WebAssembly / wasi-nn

Neural Network proposal for WASI
429 stars 34 forks source link

Specify coercion of non-wasm types #62

Open geekbeast opened 8 months ago

geekbeast commented 8 months ago

The current tensor types are not all supported in core wasm.

    enum tensor-type {
        FP16,
        FP32,
        FP64,
        BF16,
        U8,
        I32,
        I64
    }

WASM supports the following core types:

i32 : 32-bit integer. i64 : 64-bit integer. f32 : 32-bit float. f64 : 64-bit float.

In addition, there is some utility types such as u8, u16, u32, i32, etc but these do not exist for floating point.

The complication is that models can take non-standard wasm types and output non-started wasm types (packed into bytes). Even if tensors are resources, at some point they must be created and at some point they must be interpreted for use, usually in the WASM guest.

One possible behavior is that we take everything as one of the core wasm types and then coerce on the host side to the correct tensor type.

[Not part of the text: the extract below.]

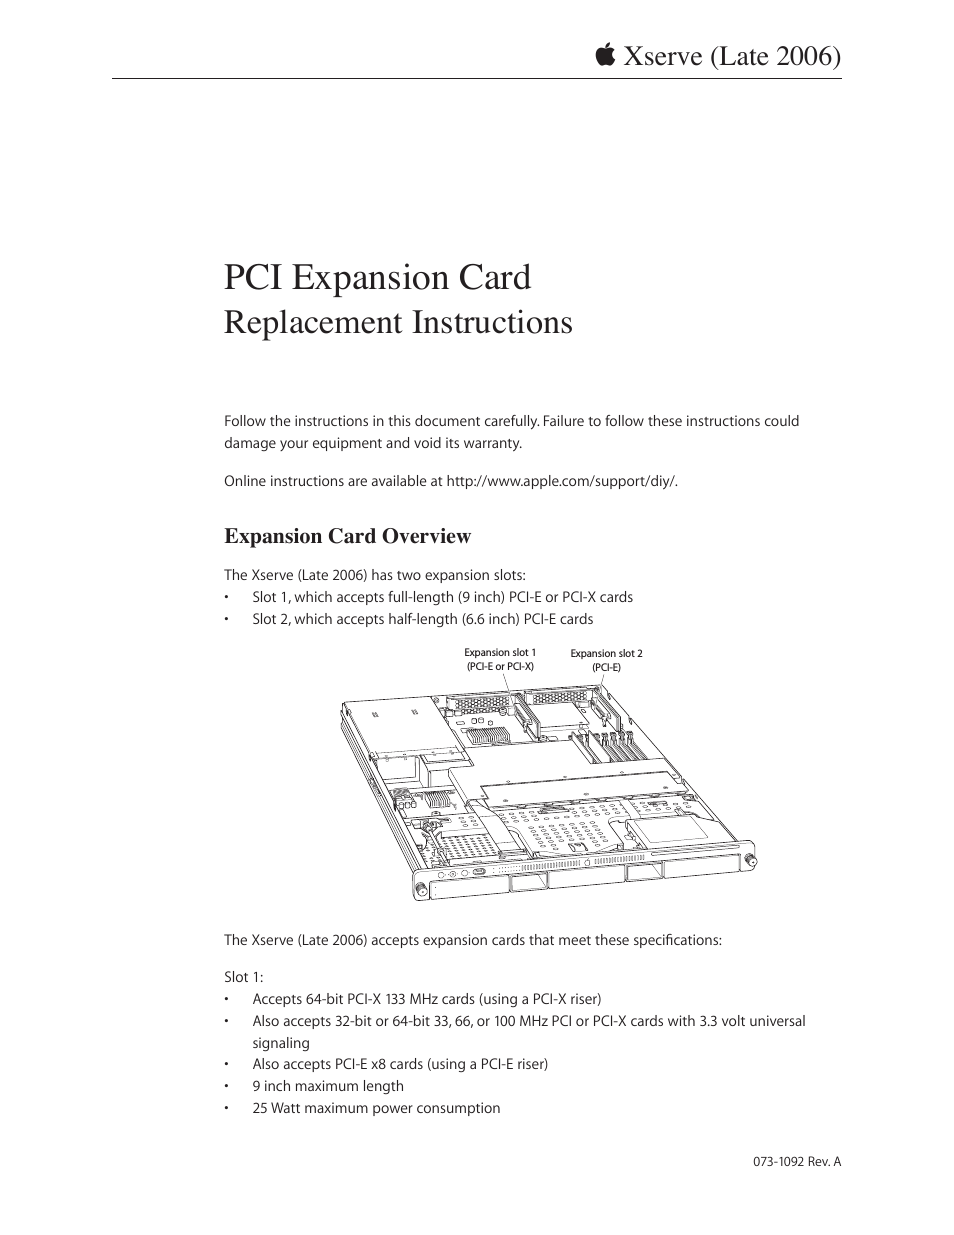 Xserve Intel (Late 2006) DIY Procedure for Expansion Card

Another mutually exclusive alternative is that we explicitly say we are not doing any coercion, so there must be some ability to emulate the type and it must be implicitly castable in-place by the bindings.

The latter would seem like less work for implementers and the former is likely to be more usable by consumers of the API.

We can also of course do nothing and hope that Google adds support for fp16 into core wasm, but there's a lot of other exotic floating point types like fp8 and fp4 that are becoming relevant to generative ai (see https://arxiv.org/abs/2310.16836v1). This may be a dead in the hype cycle, but I suspect the techniques will be forever relevant for larger model sizes.

geekbeast commented 8 months ago

@squillace Thoughts?